In 1963, the London-based Moscow Narodny Bank established a branch in Beirut for foreign trade and export support from the USSR to Middle Eastern countries. In 1985, during the height of the Libyan–U.S. crisis, the Beirut branch closed and some staff members and documents were transferred to Cyprus, where it received its papers from the State Bank of the USSR in 1989. It was later transferred to the Russian VTB Bank, becoming a full subsidiary of VTB in August 1995. In 2002, VTB owned the controlling stake in RCB Bank and also had controlling stakes in the Vienna-based Donau Bank and the Luxembourg-based East-West United Bank. By 2005, VTB controlled 100% of RCB Bank.

==History==
RCB Bank was founded in 1995 under the name Russian Commercial Bank (Cyprus), which changed to simply RCB Bank in November 2013. The bank was based in Limassol, with branches in Nicosia and nine other locations across Cyprus. It also had branches in Luxembourg and representative offices in Moscow and London.
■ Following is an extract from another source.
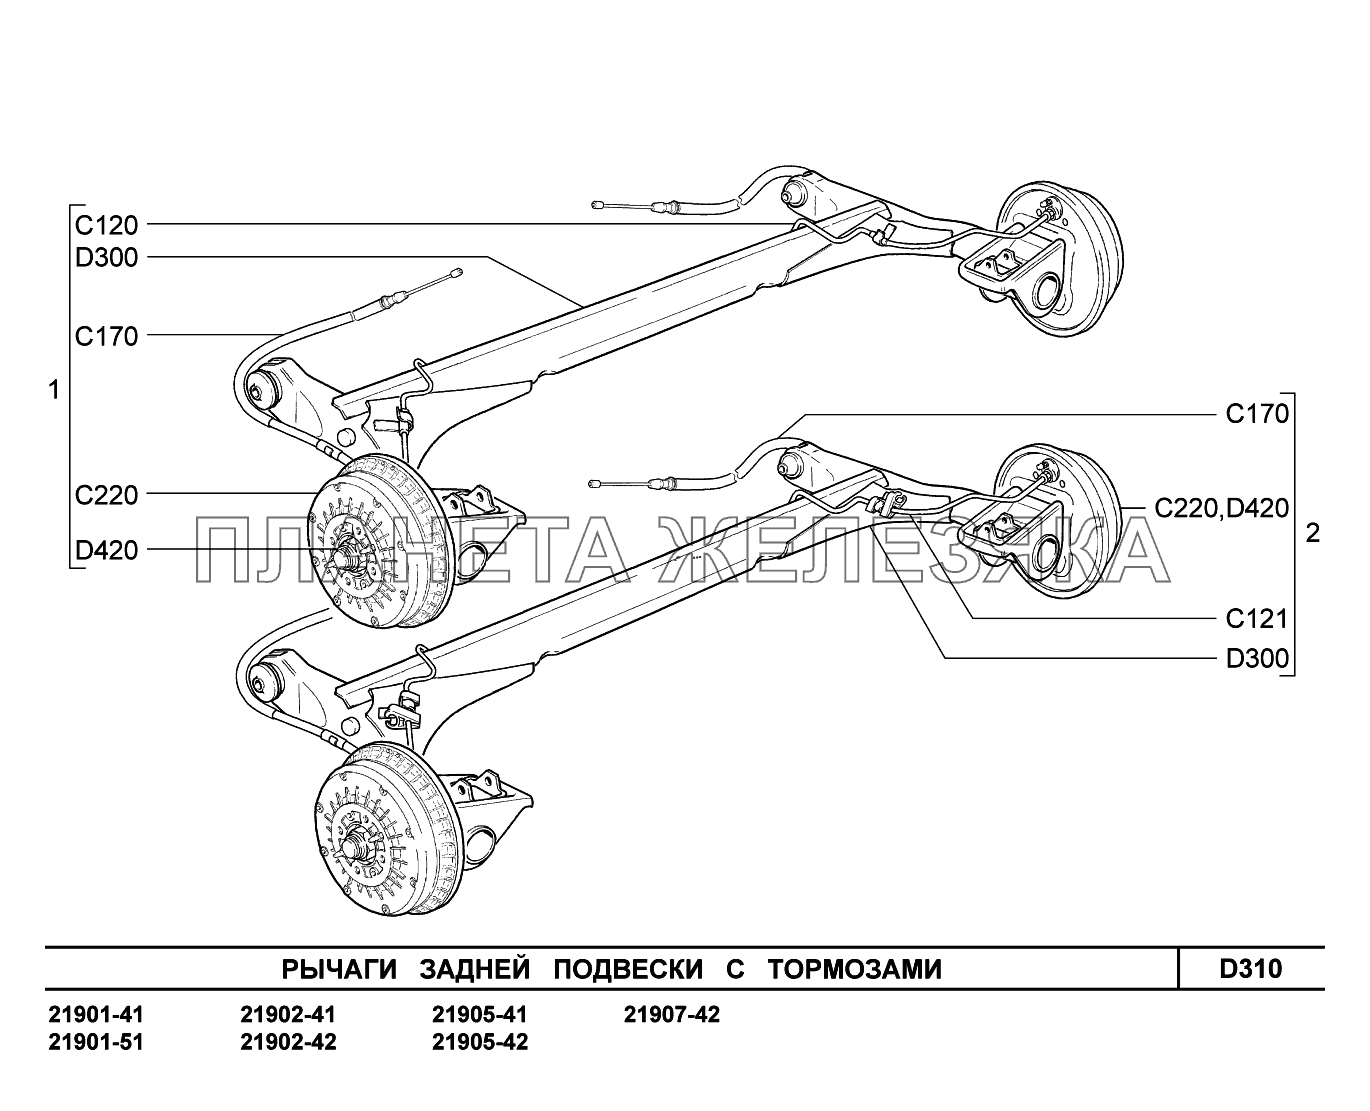 D310. Рычаги задней подвески с тормозами Lada Granta-2190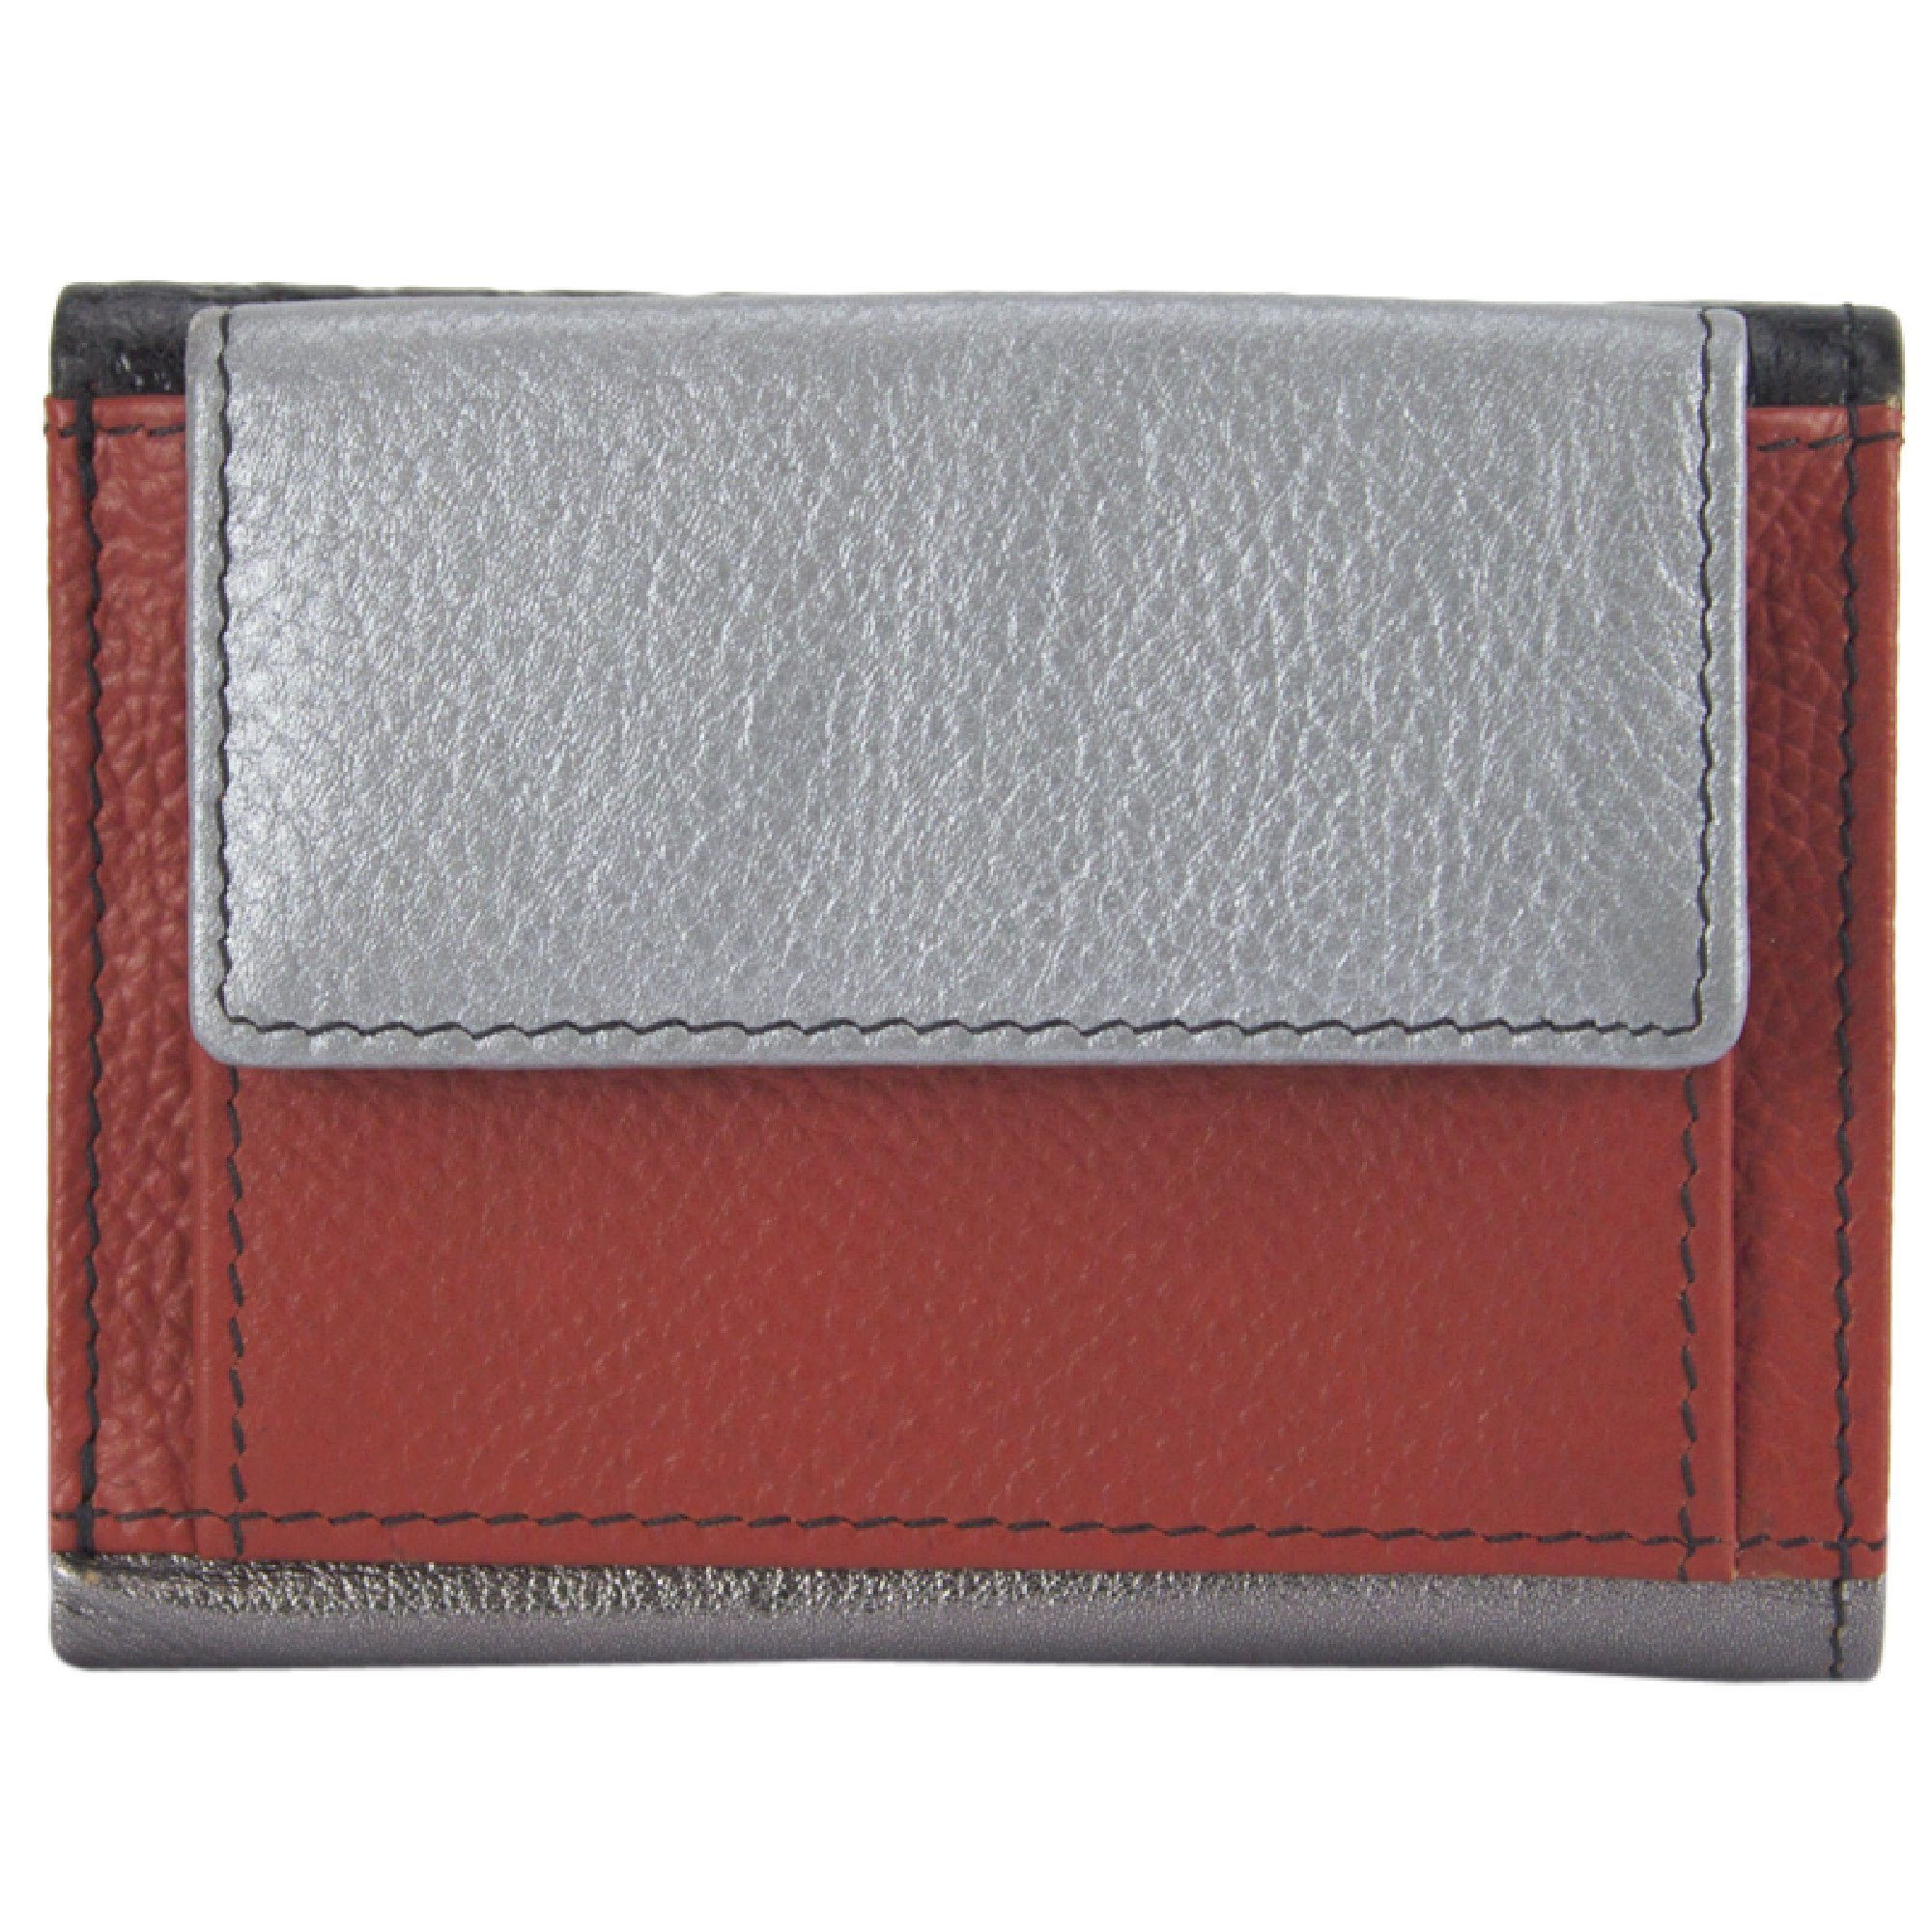 Sunsa Mini Geldbörse Mini klein Leder Geldbörse Geldbeutel Portemonnaie Brieftasche, echt Leder, aus recycelten Lederresten, mit RFID-Schutz, Unisex

The bank's chairman was Greek-Cypriot banker Christakis Santis, while Russian banker Kirill Zimarin was its CEO. Other board of directors members included English-Cypriot economist Sir Christopher Pissarides, Greek-Cypriot former foreign minister Erato Kozakou-Marcoullis, Greek-Cypriot former attorney general Petros Clerides, Greek-Cypriot former permanent secretary at the ministries of finance and justice Andreas Tryfonides, and Greek-Cypriot former ambassador and permanent secretary at the foreign ministry Sotos Zackheos.

In November 2014, RCB Bank was categorized as a significant bank under European Banking Supervision. RCB Bank was a partner of the European Investment Bank and the European Investment Fund in financing investment projects implemented with the EU funds in Cyprus.

In August 2017, Zimarin increased his ownership of RCB to 49.9% by acquiring a 19.85% stake in the Russian Otkritie Financial Corporation Bank.

In February 2022, VTB Bank sold its shares in RCB to Cypriot shareholders in the midst of economic effects caused by Russia's invasion of Ukraine, thus making the bank entirely Cypriot-owned for the first time.

In line with the voluntary decision of the shareholders of RCB to wind down banking operations, the ECB/CBC approved the withdrawal of the banking license of RCB on 22 December 2022. The bank has ceased to trade.

== Controversies ==

=== The Cyprus Papers ===
In 2025, it was reported that leaked Cypriot government reports showed how RCB helped two of its Ukrainian clients obtain Cypriot passports, despite having close business partnerships with sanctioned Russian entities. According to media reports, RCB helped Makar Paseniuk and Konstantin Stetsenko, founders of Ukrainian firm Investment Capital Ukraine (ICU), obtain their Cypriot citizenship.